Exercise objective
A picture-free, exact reproduction of the listing that follows is required.

Data
------------------------------------------------

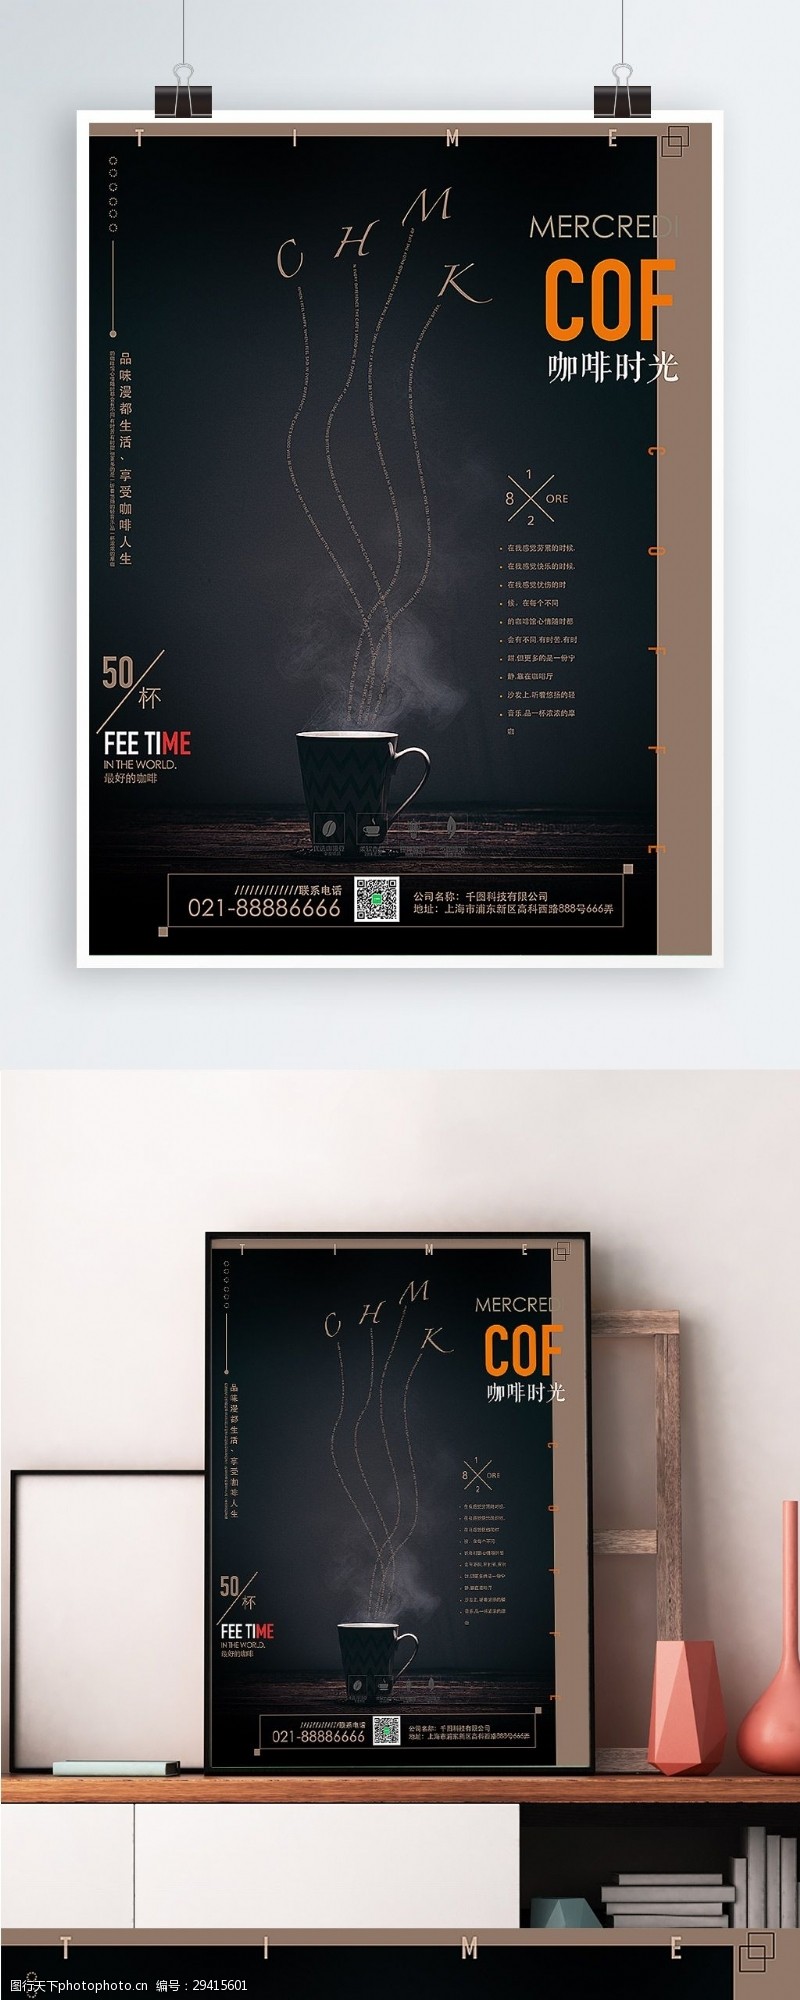 焦糖玛奇朵创意简约咖啡海报设计
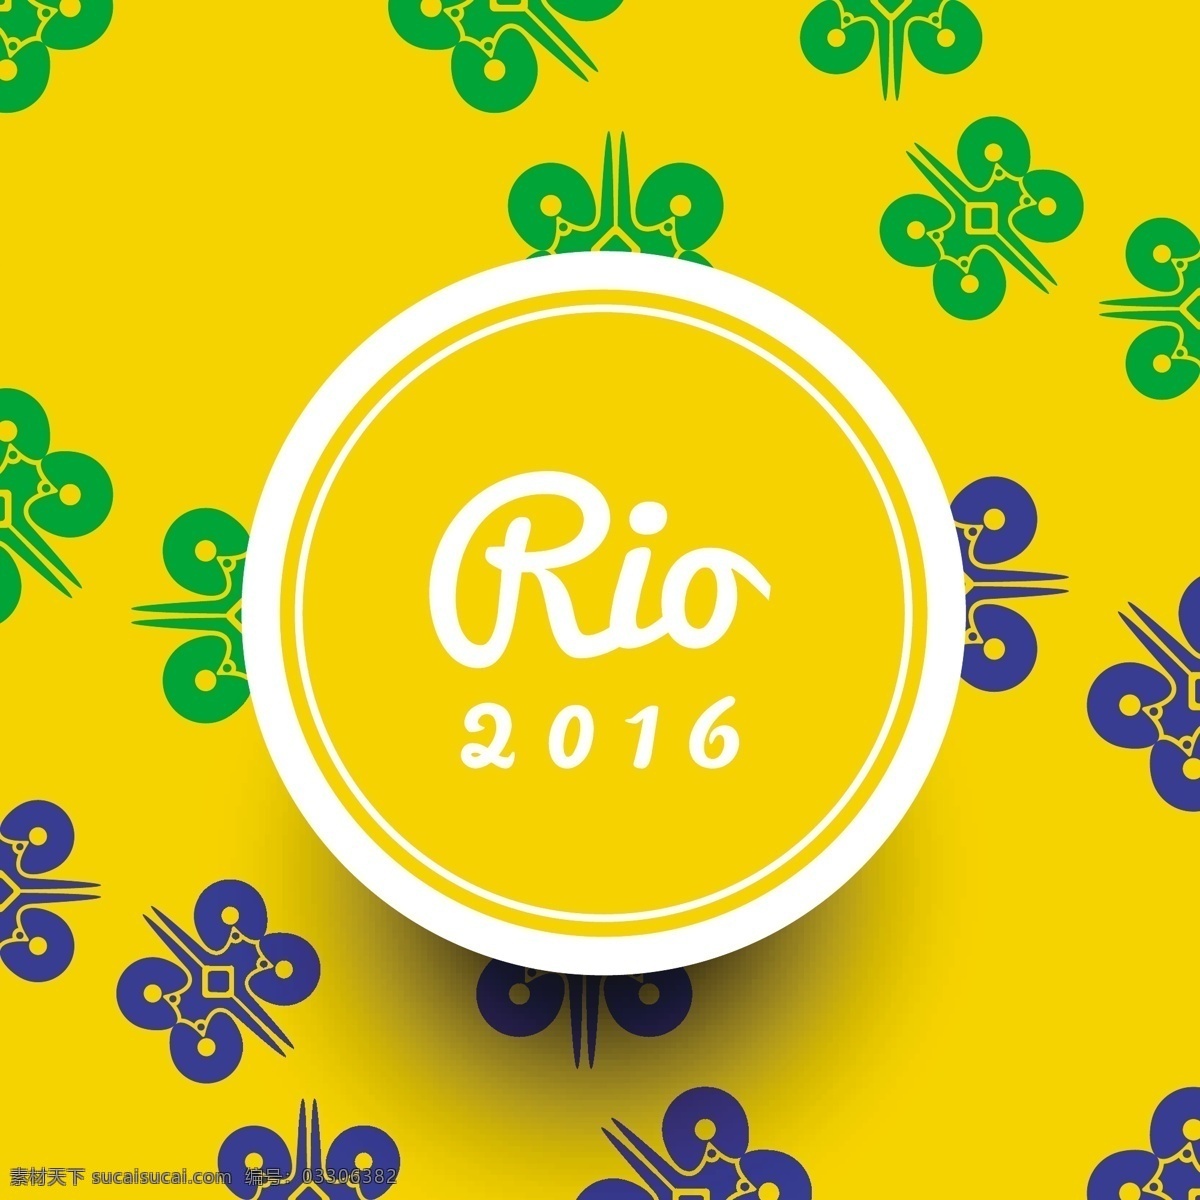 巴西 黄色 现代 简约 背景 背景摘要 夏季运动 壁纸优雅 七彩2016 健康 奥运会 2016rio
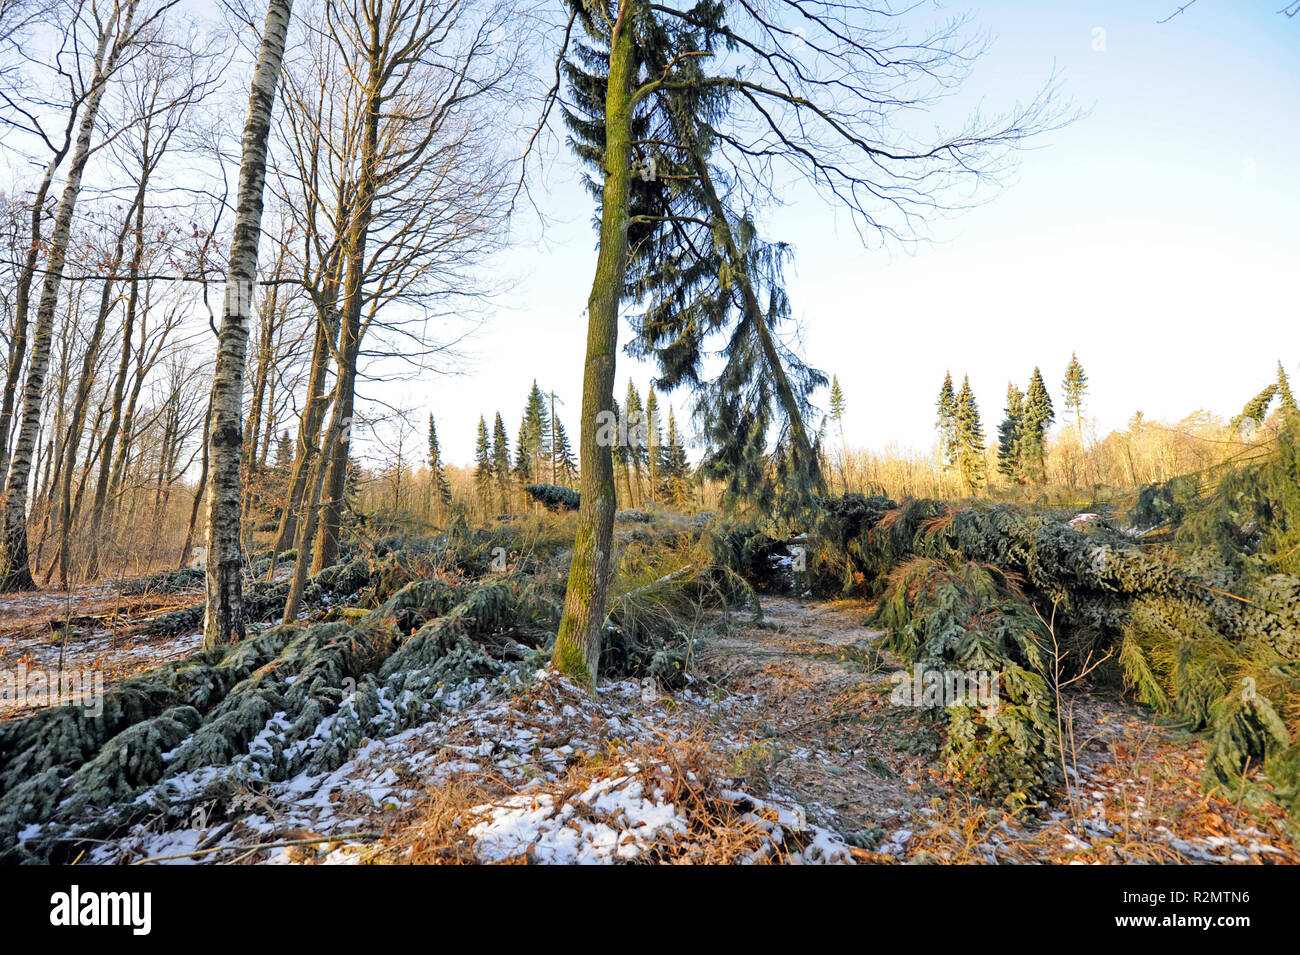 Friederike "Tormenta" barrió Sajonia a finales de enero de 2018 en la fuerza de un huracán y dejó cuantiosos daños en los bosques de Sajonia a través de árboles caídos, como aquí en Colditzer Wald Foto de stock
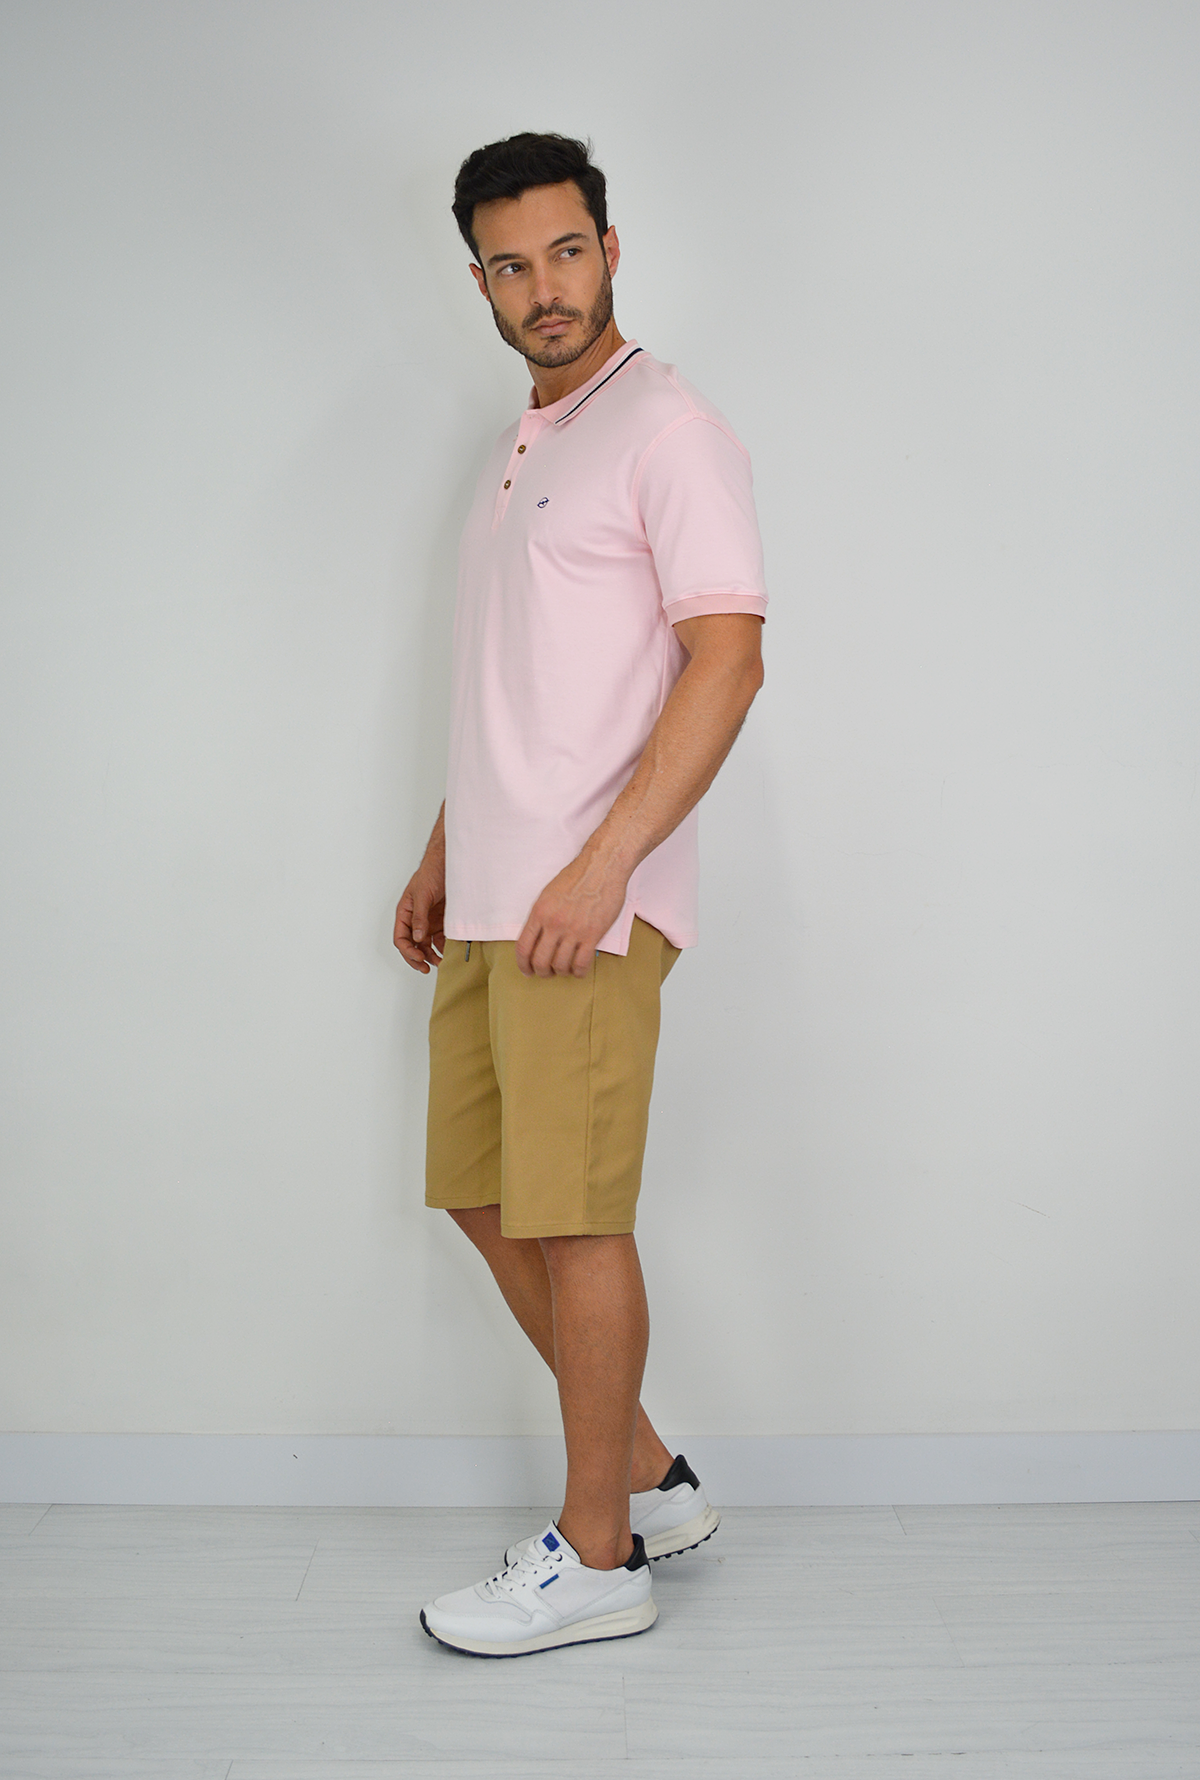 Camiseta Rosada  Tipo Polo Para Hombre DMM05

------------------------------------------------

Task answer
 焦糖玛奇朵创意简约咖啡海报设计
 巴西 黄色 现代 简约 背景 背景摘要 夏季运动 壁纸优雅 七彩2016 健康 奥运会 2016rio
 Friederike "Tormenta" barrió Sajonia a finales de enero de 2018 en la fuerza de un huracán y dejó cuantiosos daños en los bosques de Sajonia a través de árboles caídos, como aquí en Colditzer Wald Foto de stock
 Camiseta Rosada  Tipo Polo Para Hombre DMM05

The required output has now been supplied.